# Spar and Mineral Spirits



## tomwilson74 (Jun 16, 2020)

I recently finished a clock for my brother. I wiped the sawdust off with a rag and mineral spirits. I gave it ample time to dry and sprayed it with spar urethane. It left a lot of white spots or streaks on the wood. (Walnut) 
Should I not use mineral spirits to clean the wood before using spar urethane? What do you guys use to wipe off sawdust residue before putting a finish on it? Denatured alcohol, acetone or turpentine??


----------



## Tony (Jun 16, 2020)

Tom, I just use a microfiber cloth dry, seems to work really well at least for me.

Reactions: Thank You! 1


----------



## tomwilson74 (Jun 16, 2020)

I’ll give that a try. Really not a fan of tack cloths and try to stay away from them. I think they can leave a residue on the wood.


----------



## trc65 (Jun 16, 2020)

It wasn't the "green" low odor MS was it? Bought that once when regular was out of stock, had nothing but problems with it.

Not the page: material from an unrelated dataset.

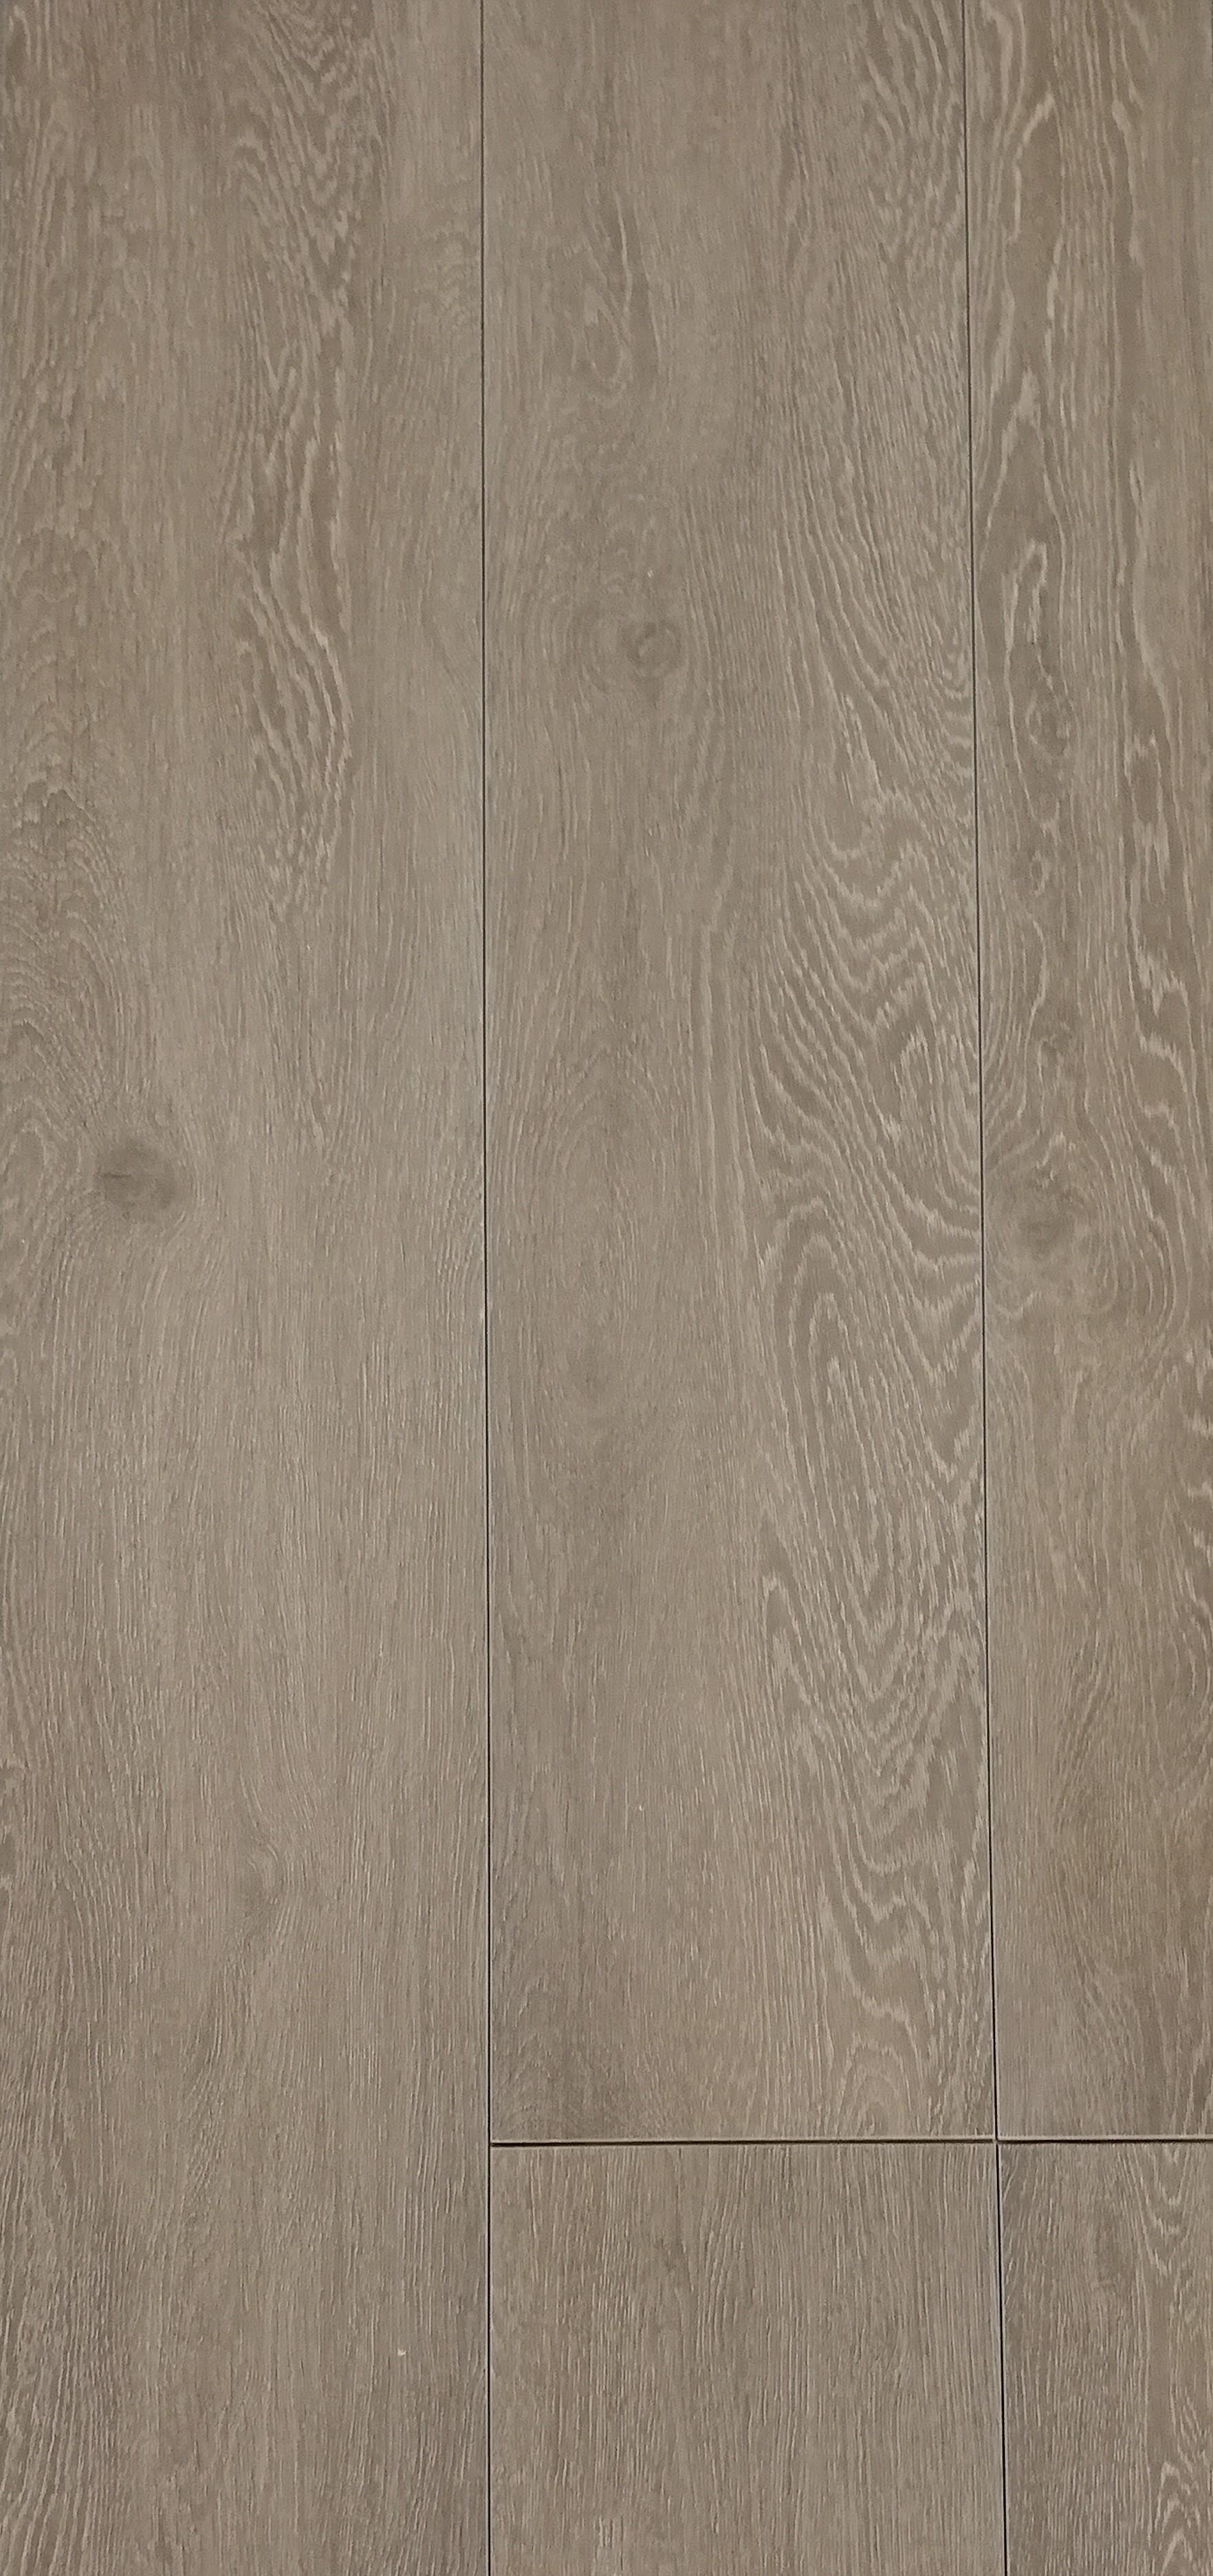 Cera Per Gres Effetto Legno gres porcellanato effetto legno moro 30x120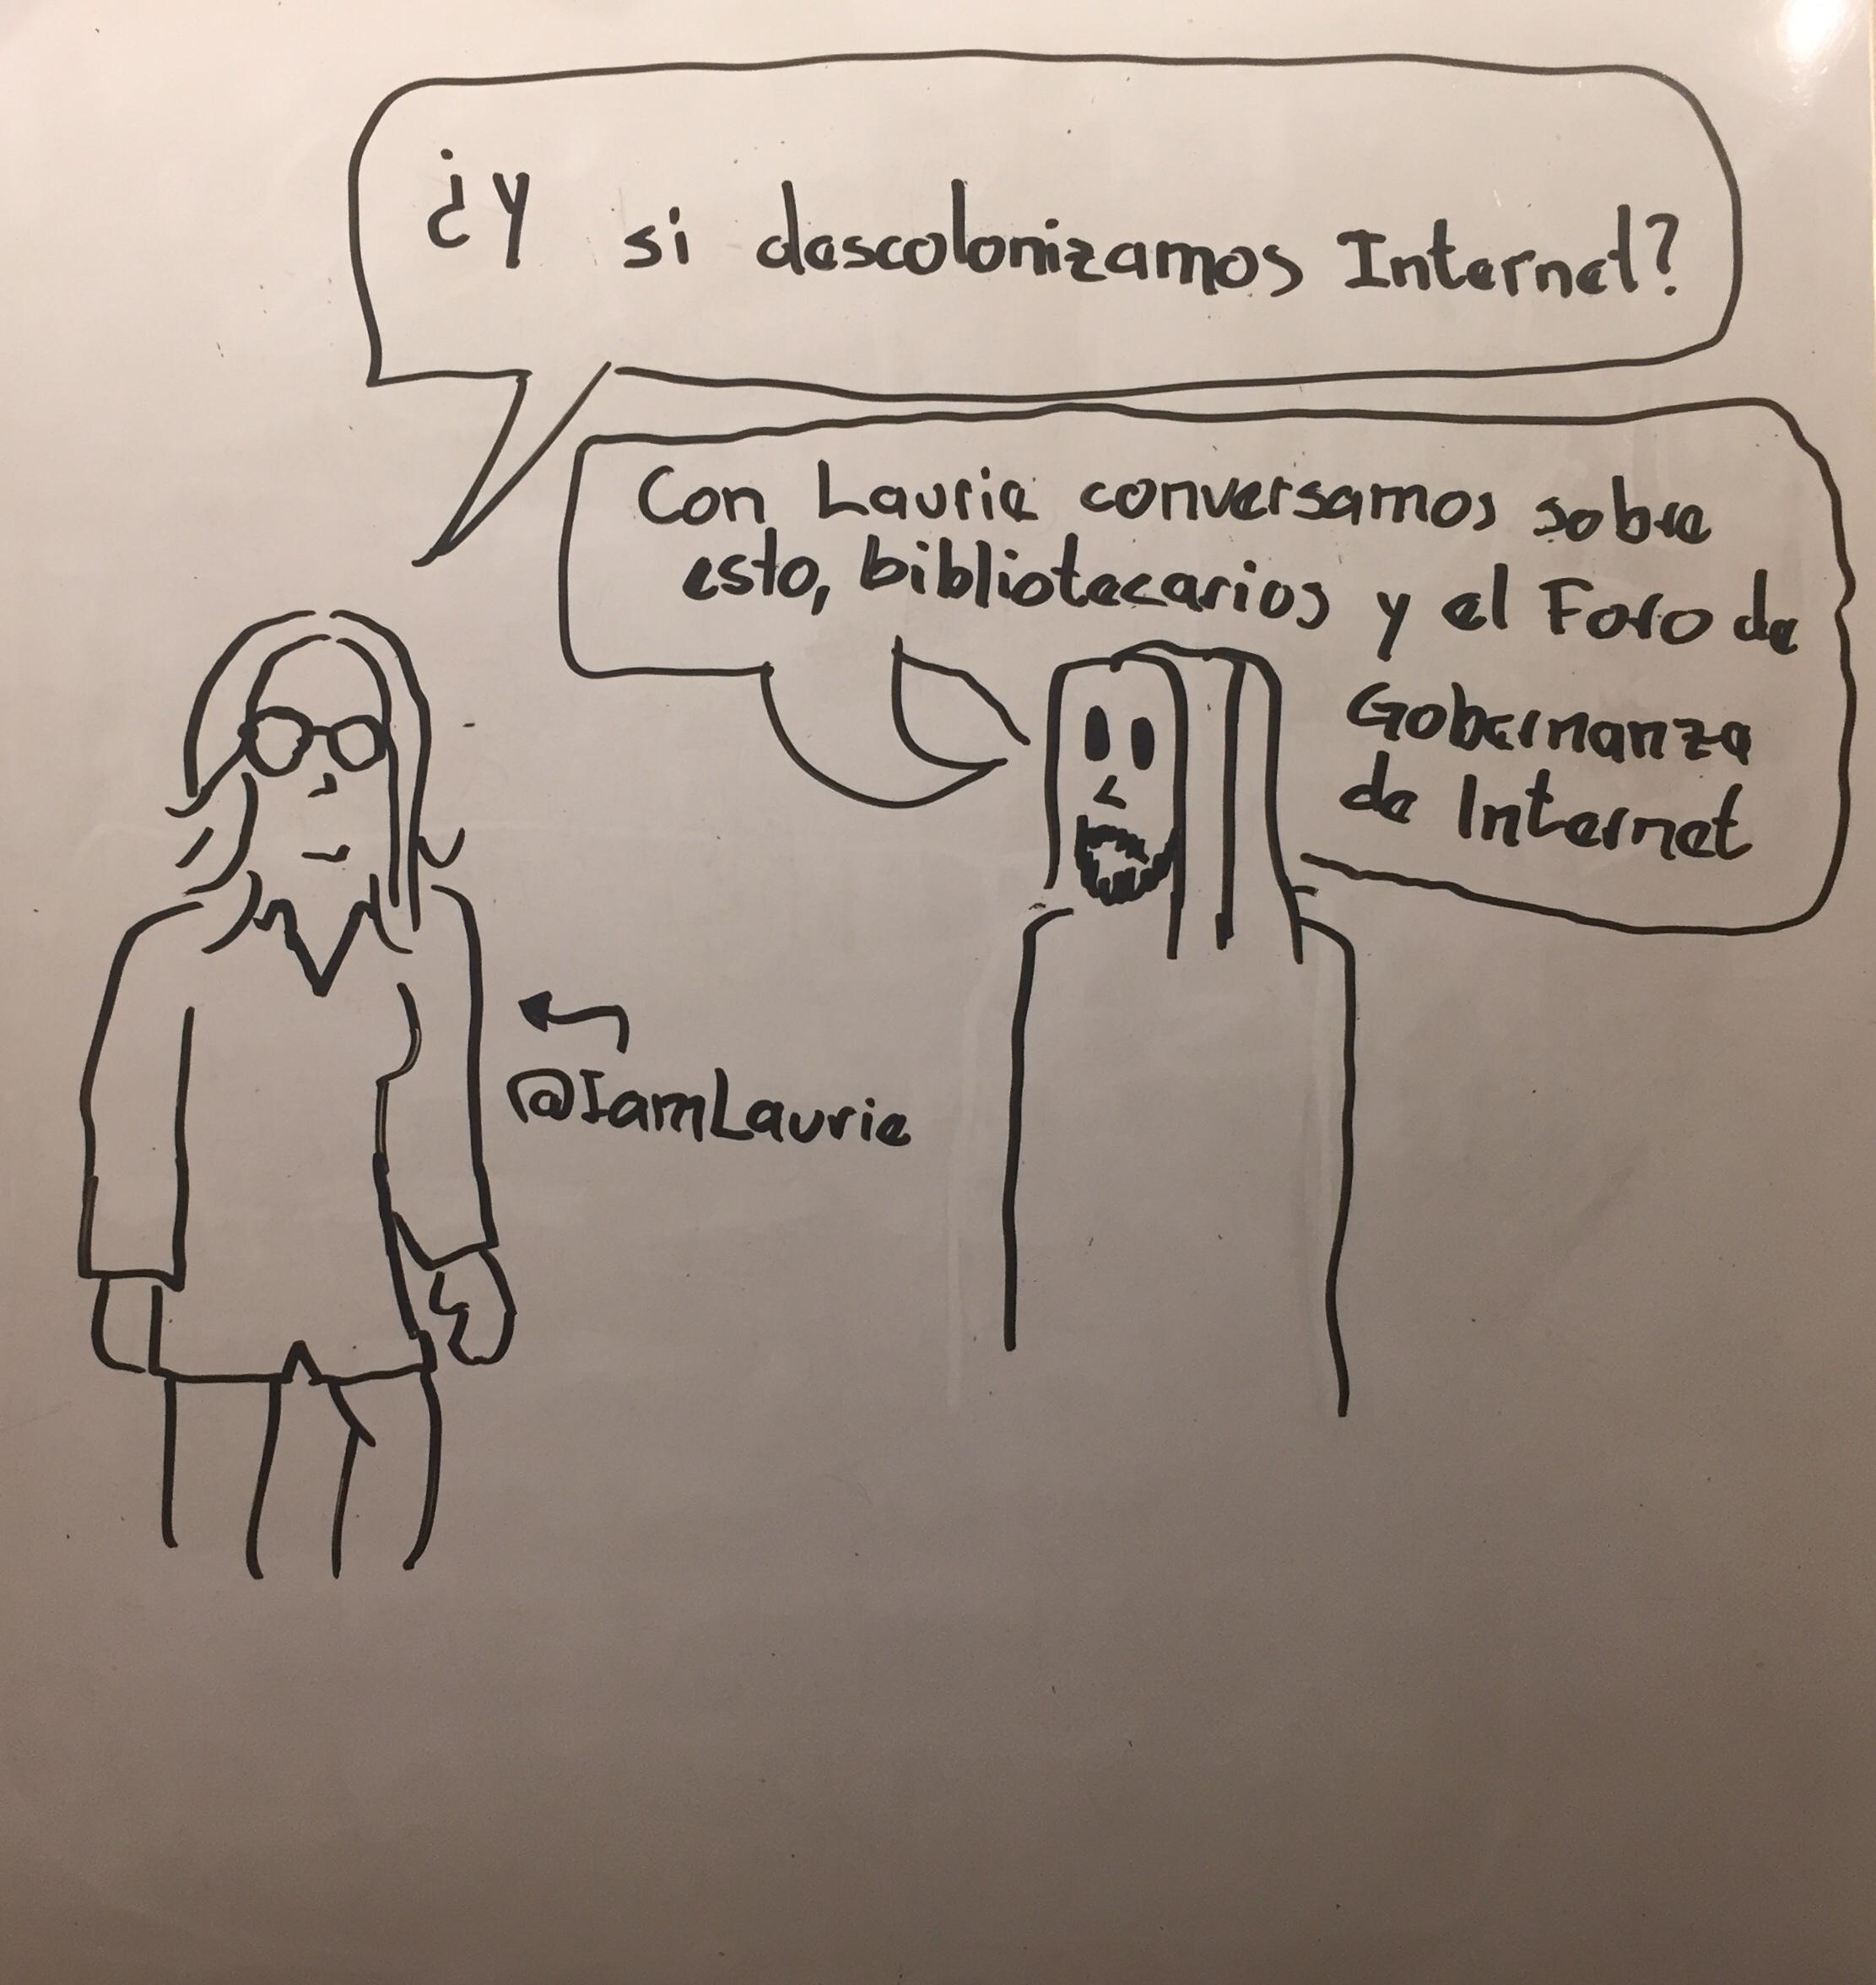 Descolonizando Internet

If your shop space and finishing areas are separate, just use air to blow sanding dust off.

If I have to use a solvent, I use alcohol as it will dry quicker and cleaner than MS. The only thing I use MS for now is to clean brushes. I use naptha if I need to thin finishes.

Reactions: Like 1 | Agree 1 | Useful 1


----------



## tomwilson74 (Jun 16, 2020)

It was that low odor stuff.

Reactions: Like 1


----------



## woodtickgreg (Jun 17, 2020)

tomwilson74 said:


> It was that low odor stuff.


That stuff is absolute garbage, I dont use it for anything. There's your problem. Regular mineral spirits is fine to use.

Reactions: Thank You! 1 | Agree 2


----------



## ripjack13 (Jun 17, 2020)

tomwilson74 said:


> I’ll give that a try. Really not a fan of rack cloths and try to stay away from them. I think they can leave a residue on the wood.


Ya gotta get the good ones though....



Tony said:


> Tom, I just use a microfiber cloth dry, seems to work really well at least for me.


Any special brand or place you get em from?


----------



## Echoashtoreth (Jun 17, 2020)

tomwilson74 said:


> I’ll give that a try. Really not a fan of rack cloths and try to stay away from them. I think they can leave a residue on the wood.



 Tony wasn't saying to use a tack cloth - he was saying use microfiber.... they are in the car waxing section in big packs now - grab dust like crazy but there is nothing on the cloth itself... and it's wash n reusable- there may be some in the house for dusting already...

Reactions: Like 1


----------



## tomwilson74 (Jun 17, 2020)

Yeah I know he wasn’t. I just thought I would put that in there just in case someone suggested tack cloths. Thanks.


----------